Here’s how you can list the missing countries:

covid[which(!(covid$Country %in% hdi$Country)), ]$Country

This command outputs the countries that are in the hdi data frame, but are not in covid.

The United States of America is missing from combined because it appears as "United States of America" in covid but as simply "United States" in hdi. This error must be fixed manually. There are a number of ways to correct this, including:

covid$Country[which(covid$Country == "United States of America")] <- "United States"

There are several more errors which must be fixed manually. For example, “Estonia” is spelled incorrectly in the covid data frame. This error can be corrected using the same pattern we used to standardize the name of the United States:

covid$Country[which(covid$Country == "Estona")] <- "Estonia"

In addition, Canada and Uruguay have spurious spaces after their names. As above:

covid$Country[which(covid$Country == "Canada ")] <- "Canada"
covid$Country[which(covid$Country == "Uruguay ")] <- "Uruguay"

Finally, taking the country names in the hdi, rather than the covid, data frame as the gold standard, here are the remaining corrections:

covid$Country[which(covid$Country == "Iran")] <- "Iran (Islamic Republic of)"
covid$Country[which(covid$Country == "South Korea")] <- "Korea (Republic of)"
covid$Country[which(covid$Country == "The United Kingdom")] <- "United Kingdom"
covid$Country[which(covid$Country == "Venezuela")] <- "Venezuela (Bolivarian Republic of)"
covid$Country[which(covid$Country == "Vietnam")] <- "Viet Nam"

Run this command again:

covid[which(!(covid$Country %in% hdi$Country)), ]$Country

Having made all of the corrections we can, let’s merge the data frames again:

clean_combined <- merge(covid, hdi, by = "Country")

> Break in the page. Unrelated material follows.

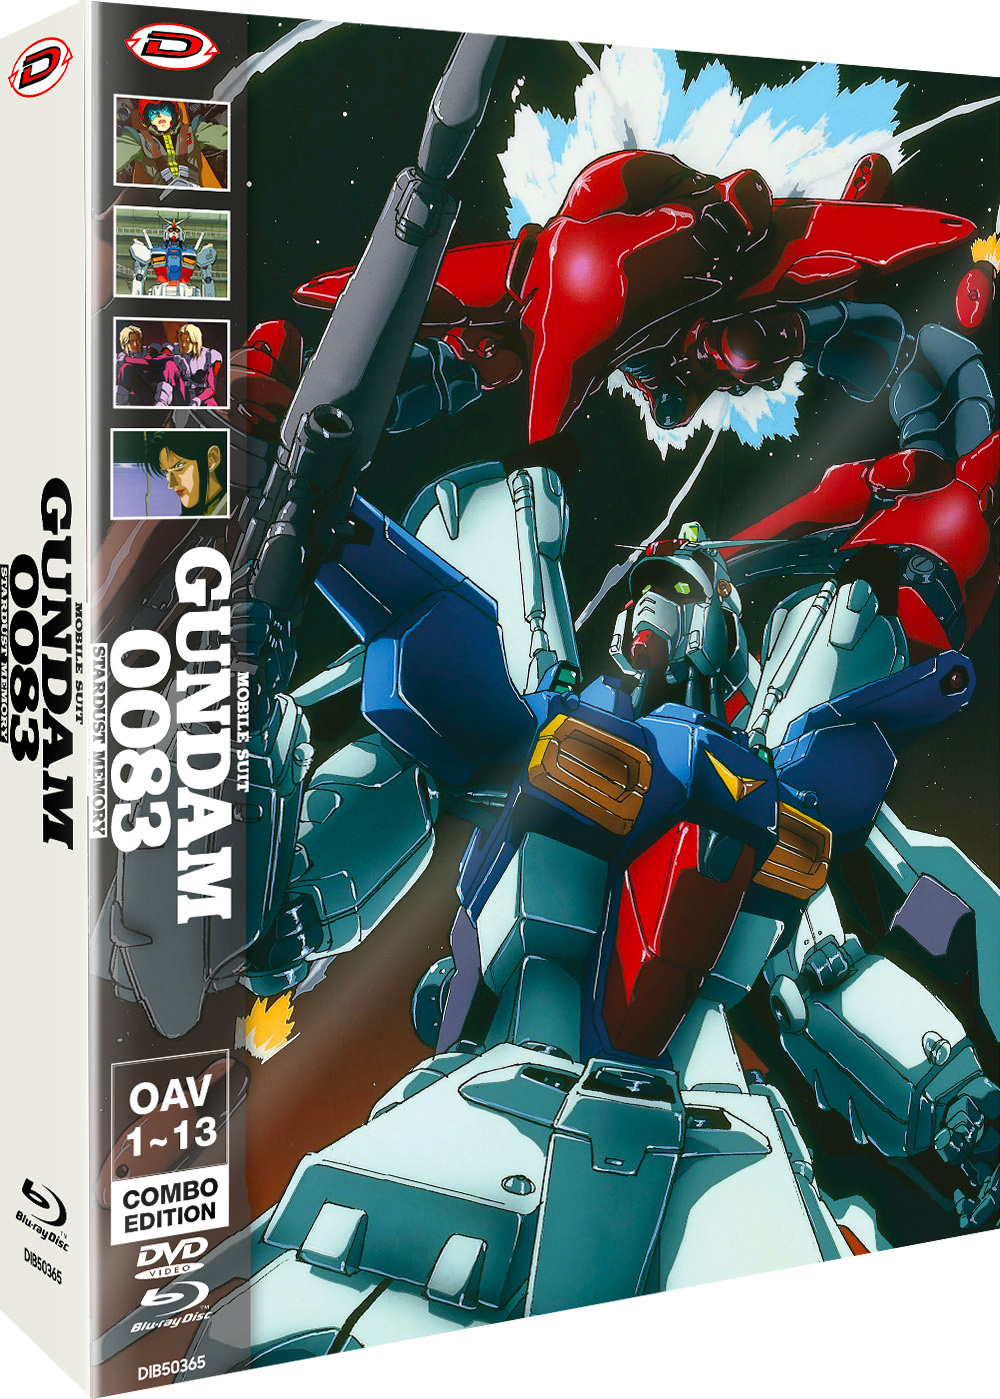 Gundam 0083

How many rows are in clean_combined?

Data Analysis

Now that you’ve joined these data, you can do a more thorough analysis!

1. Plot human development group versus vaccination rate. As human development group is a factor, box plots are recommended. What are the median vaccination rates for the different groups? Which countries have the greatest vaccination rates?

Hint: Use the factor function to assign an ordering to the “Human.Development.Group” factors:

clean_combined$Human.Development.Group <- factor(clean_combined$Human.Development.Group, levels = c("Low", "Medium", "High", "Very High"))

2. Grouped by region, what are the average infection and death rates?

End of Studio

When you are done please call over a TA to review your work, and check you off for this studio. If you do not finish within the two hour studio period, remember to come to TA office hours to get checked off.